Surprising Rites of Passage

When people start a family, there usually comes a point when they're relatively certain of what parenthood has in store for them. Not entirely, mind you - once those rascals are born there's really no telling how many nights they'll be up at 3 AM screaming in your face or how many times you'll find yourself sitting in the emergency room, counting ceiling tiles while your kid gets something x-rayed (also usually at 3 AM).

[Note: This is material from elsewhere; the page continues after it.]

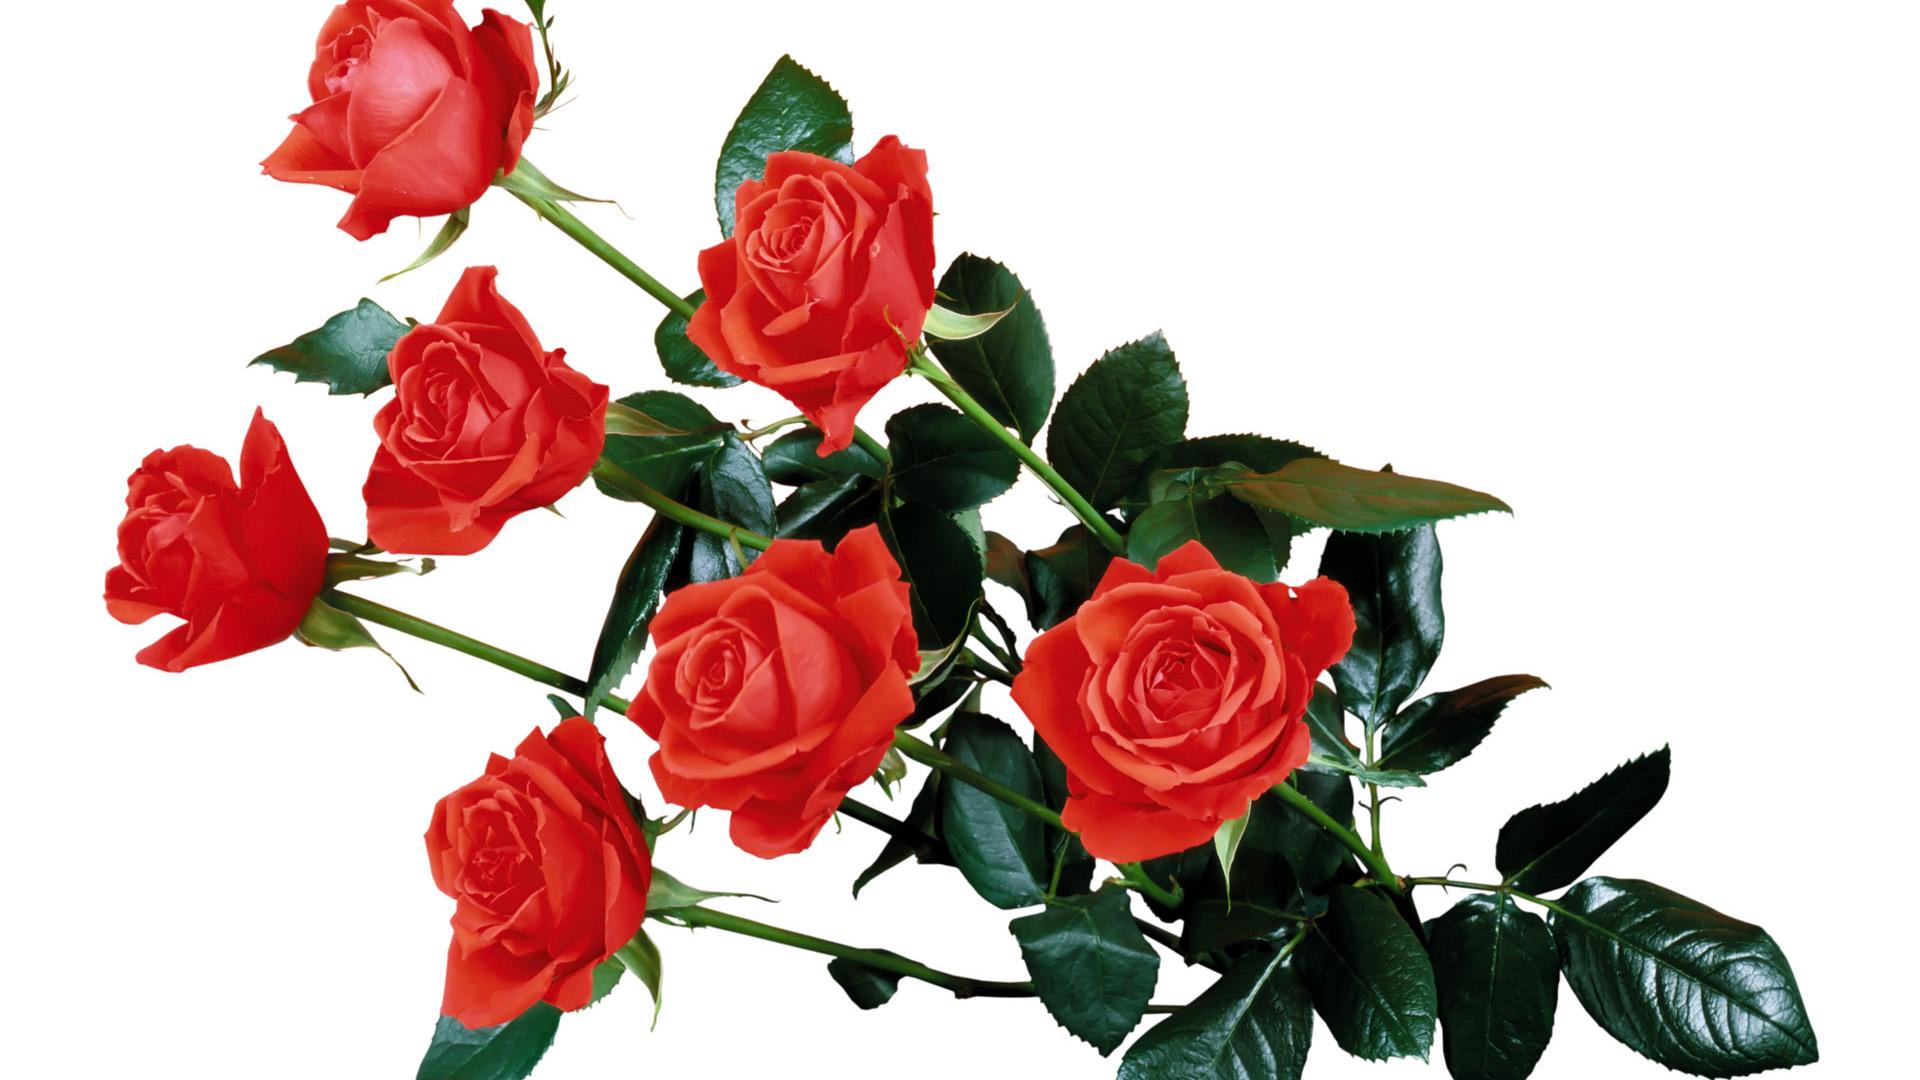 Rose HD PNG - 94825

But overall, between asking your mom for advice, crazed Googling, a dog-eared copy of every book in the What To Expect  series, and random old ladies at the supermarket telling you your children are going to catch Bubonic plague from not wearing a hat, you start to feel like you have a pretty reasonable overview of what Major Milestones you should be expecting. Namely:
  1. First smile that definitely isn't gas
  2. Rolling over
  3. First step
  4. Some other stuff
  5. College
Aside from a couple other baby firsts you might prefer to forget, if you're like me, you thought that pretty much covered it.

Wrong!

Apparently, kids keep having more rites of passage, even when they aren't babies anymore. (I know! The nerve.) They grow up in subtle ways, somewhere in between that first "Ma-Ma" and the first call home from the dorm to ask sheepishly for money that you know darn well they're just going to spend on beer.


This became painfully clear to me the last time I took the kids to the dentist. First of all, neither one asked me to tag along when the hygienist called them back to the examination room. Nope, they confidently trotted off without me, without even looking back.

Fine, I thought, without a twinge of sadness (lie). No, better than fine.  I was by myself for once, so I settled in to enjoy some time alone with my thoughts. Well, with my thoughts and those of the lady sitting next to me who wouldn't shut up, between hacking coughs, about how she'd already seen the movie they were playing on the TV in the corner. For the first time ever, I would've paid good money to play I Spy with one of the kids.

Finally the little ones were finished, and I was freed from Hacking Cough Lady and the pressure of coming up with my own thoughts to think about. But as I floated out of the office on a cloud of Parental Dental Superiority (No cavities!), I was still feeling a little sentimental that my kids suddenly don't need me to hold their hands all the time. What's a parent to do when their children no longer need protection from a stranger in a mask picking at their teeth with sharp sticks?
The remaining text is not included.